Через полчаса Андрей сидел за столом, устало щурился из-под очков покрасневшими глазами. На вопросы отвечал скупо – дома все нормально, Маша здорова, на дневную электричку не мог попасть – дела на заводе задержали. Алексей напряженно поглядывал на него, но Андрею было как будто все равно, есть он тут или нет.
Долго сидели за пустым столом, выдвинутым на середину, накинув на плечи пальто, – печи второй день не топили. Ложиться как будто не собирались, да и негде – на лежанке едва ли и трое поместятся. Посылали туда спать Андрея, но он отказался.
Сидели молча, слушали, что делается там. А там сидели вокруг гроба три старушки, по очереди читали псалтырь слабыми голосами.
«Заутра услыши глас мой, заутра предстану ти, и узришь мя».
Просили у бога прощения для Анны Матвеевны за грехи ее, молили проникновенными голосами:
«Грех юности моея и неведения моего не помяни; по милости твоей помяни мя ты, ради благости твоея, господи.
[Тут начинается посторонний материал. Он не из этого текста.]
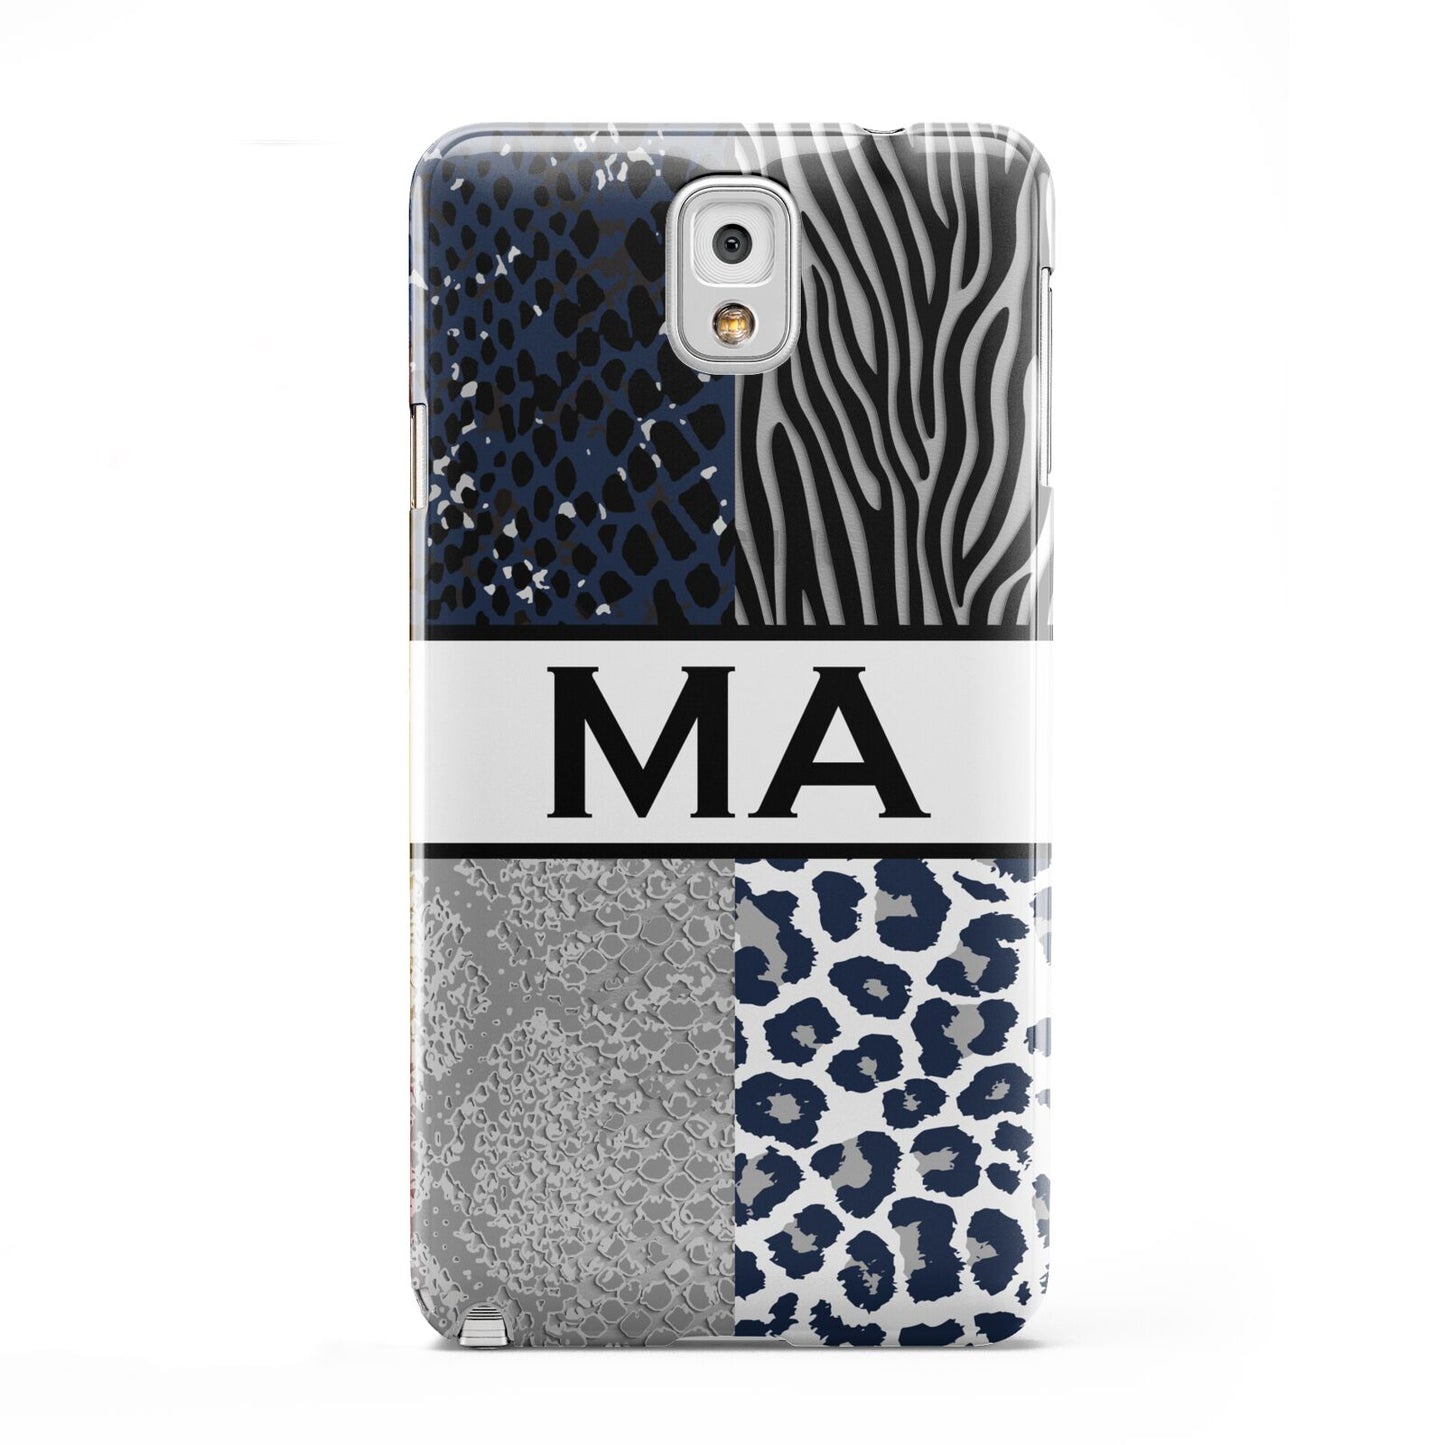 Personalised Animal Print Samsung Galaxy Note 3 Case
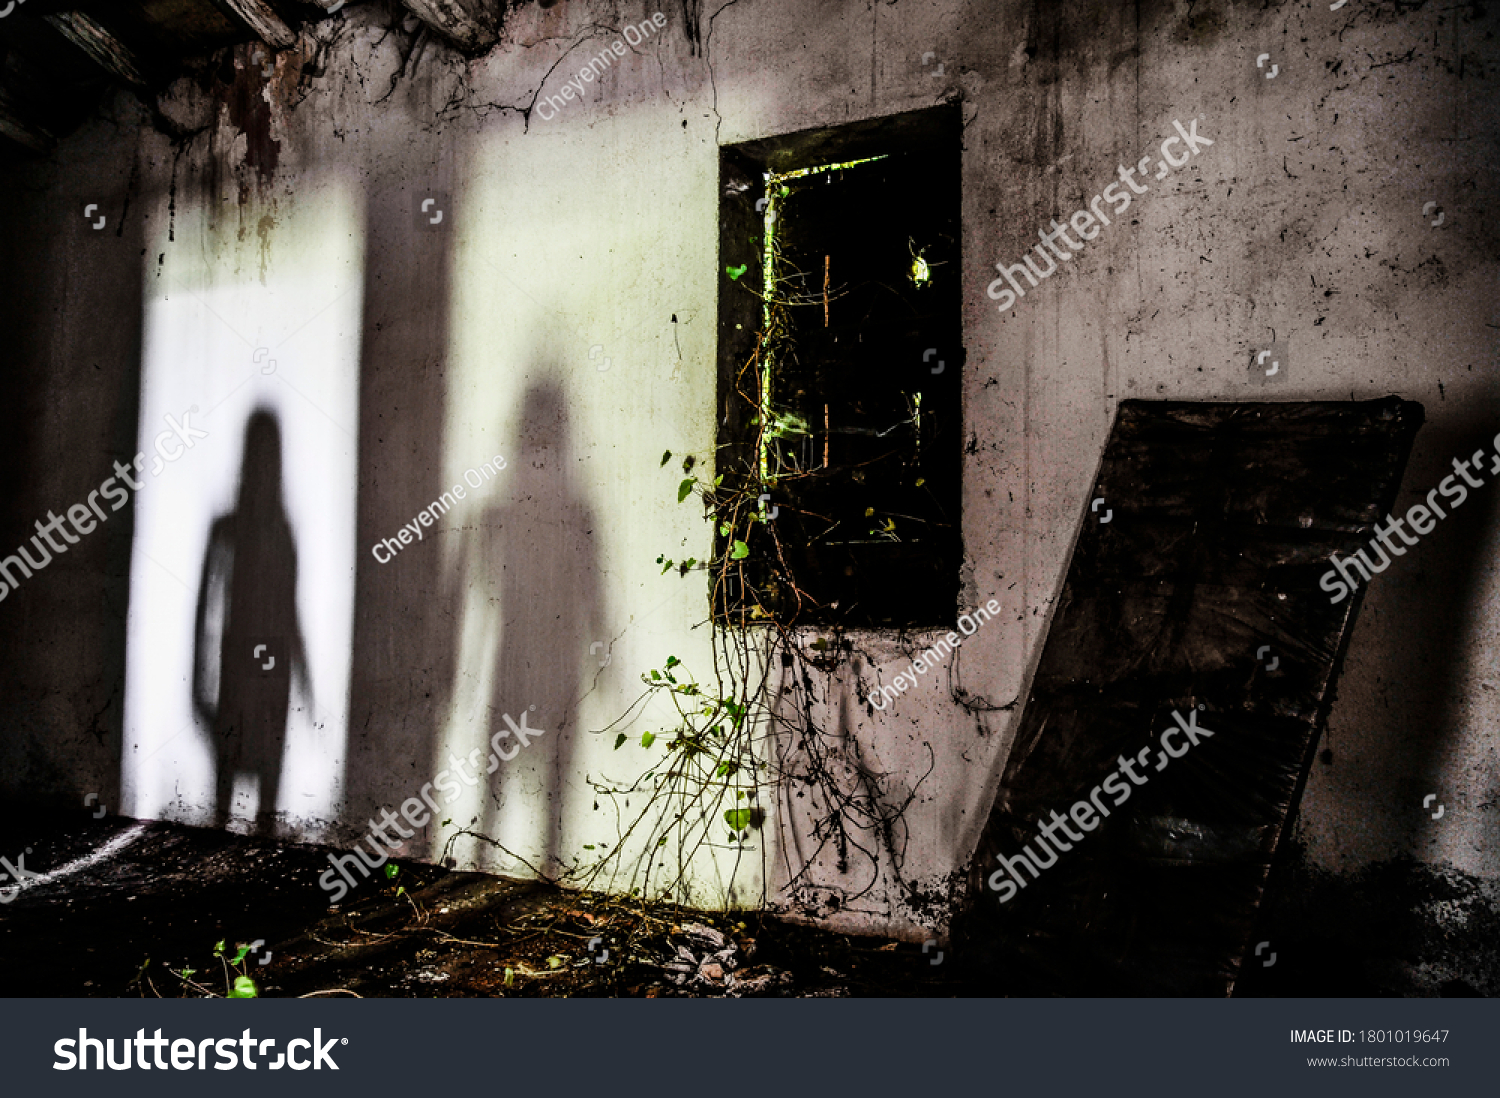 Mysterious shadow of a woman in an abandoned house - Silhouette of female ghost standing on the door of the room - Fear concept in abandoned house - Halloween concept #1801019647

Виждь смирение мое и труд мой, и остави все грехи моя».
Бог сурово смотрел с иконы, бесстрастно слушал, как просили его:
«Отверзоша на мя уста своя, яко лев восхощаяй и рыкаяй».
Но неподвижны были уста бога, темное дерево иконы делало мрачным и злобным лик его, не слышал он, как униженно говорили ему:
«Аз же есмь червь, а не человек, поношение человеков и уничтожение людей».
И лгали набожные старушки древними, как мир, библейскими словами:
«Согреяся сердце мое во мне, и в поучении моем разгорится огнь; глаголах языком моим: скажи ми, господи, кончину мою и число дней моих, кое есть, что лишаюся аз».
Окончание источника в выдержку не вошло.